Some of these DSL operators perform relational-like operations that you’ll be familiar with if you know SQL, such as selecting, fil‐ tering, grouping, and aggregation. All of this simplicity and expressivity that we developers cherish is possible because of the Spark SQL engine upon which the high-level Structured APIs are built. It is because of this engine, which underpins all the Spark components, that we get uniform APIs. Whether you express a query against a DataFrame in Structured Stream‐ ing or MLlib, you are always transforming and operating on DataFrames as structured data

## The DataFrame API

Inspired by pandas DataFrames in structure, format, and a few specific operations, Spark DataFrames are like distributed in-memory tables with named columns and schemas, where each column has a specific data type: integer, string, array, map, real, date, timestamp, etc.

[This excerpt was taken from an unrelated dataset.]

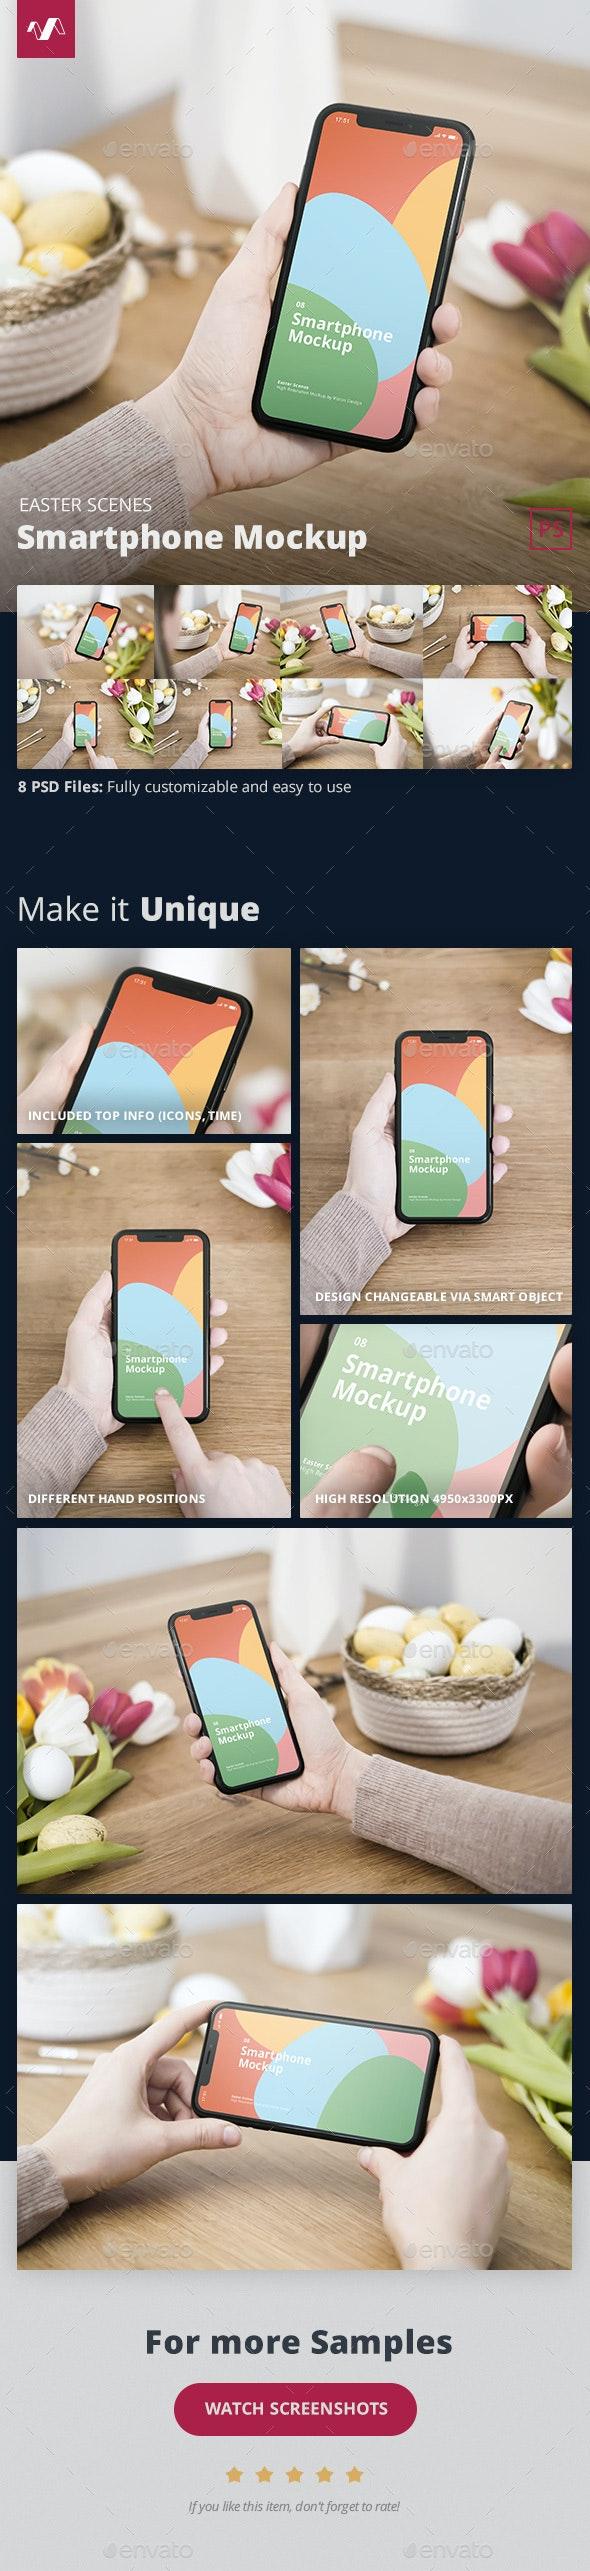 Easter Phone Mockup - Mobile Displays

Example Spark DataFrame Below

| Id (Int) | First (String) | Last (String) | Url (String) | Published (Date) | Hits (Int) | Campaign (List[Strings]) |
| -------- | ---------- | ----------- | --------- | -------------- | --------- | ----------- |
| 1 | Jules | Damji | https://tinyurl.1 | 1/4/2016 | 4535 | [twitter,LinkedIn] | 
| 2 | Brooke | Wenig | https://tinyurl.2 | 5/5/2018 | 8908 | [twitter,LinkedIn] | 
| 3 | Denny | Lee | https://tinyurl.3 | 6/7/2019 | 7659 | [web, twitter, FB, LinkedIn] | 
| 4 | Tathagata | Das | https://tinyurl.4 | 5/12/2018 | 10568 | [twitter, FB] | 
| 5 | Matei | Zaharia | https://tinyurl.5 | 5/14/2014 | 40578 | [web, twitter, FB, LinkedIn] |
| 6 | Reynold | Xin | https://tinyurl.6 | 3/2/2015 | 25568 | [twitter, LinkedIn] |

When data is visualized as a structured table, it’s not only easy to digest but also easy to work with when it comes to common operations you might want to execute on rows and columns. You can add or change the names and data types of the columns, creating new DataFrames while the previ‐ ous versions are preserved. A named column in a DataFrame and its associated Spark data type can be declared in the schema.

### Spark's Basic Data Types

Matching its supported programming languages, Spark supports basic internal data types. These data types can be declared in your Spark application or defined in your schema. For example, in Scala, you can define or declare a particular column name to be of type `String`, `Byte`, `Long`, or `Map`, etc. Here, we define variable names tied to a Spark data type:

    SPARK_HOME/bin/spark-shell
    scala> import org.apache.spark.sql.types._
    import org.apache.spark.sql.types._
    scala> val nameTypes = StringType
    nameTypes: org.apache.spark.sql.types.StringType.type = StringType 
    scala> val firstName = nameTypes
    firstName: org.apache.spark.sql.types.StringType.type = StringType 
    scala> val lastName = nameTypes
    lastName: org.apache.spark.sql.types.StringType.type = StringType
 
Scala basic Data Types
| Data type | Value assigned in Scala | API to instantiate | 
| --------- | ------------ | ------------ | 
| `ByteType` | `Byte` | `DataTypes.ByteType` |
| `ShortType` | `Short` | `DataTypes.ShortType` | 
| `IntegerType` | `Int` | `DataTypes.IntegerType` | 
| `LongType` | `Long` | `DataTypes.LongType` | 
| `FloatType` | `Float` | `DataTypes.FloatType` | 
| `DoubleType` | `Double` | `DataTypes.DoubleType` | 
| `StringType` | `String` | `DataTypes.StringType` | 
| `BooleanType` | `Boolean` | `DataTypes.BooleanType` | 
| `DecimalType` | `java.math.BigDecimal` | `DecimalType` |

Python Basic Data Types
| Data type | Value assigned in Python | API to instantiate | 
| --------- | ------------ | ------------ | 
| `ByteType` | `int` | `DataTypes.ByteType` |
| `ShortType` | `int` | `DataTypes.ShortType` | 
| `IntegerType` | `int` | `DataTypes.IntegerType` | 
| `LongType` | `int` | `DataTypes.LongType` | 
| `FloatType` | `float` | `DataTypes.FloatType` | 
| `DoubleType` | `float` | `DataTypes.DoubleType` | 
| `StringType` | `str` | `DataTypes.StringType` | 
| `BooleanType` | `bool` | `DataTypes.BooleanType` | 
| `DecimalType` | `decimal.Decimal` | `DecimalType` |

### Spark's Structured and Complex Data Types

For complex data analysitcs, you won't deal only with simple or basic data types. Your data will be complex, often structured or nested, and you'll need Spark to handle these complex data types. They come in many forms: maps, arrays, structs, dates, timestamps, fields, etc. 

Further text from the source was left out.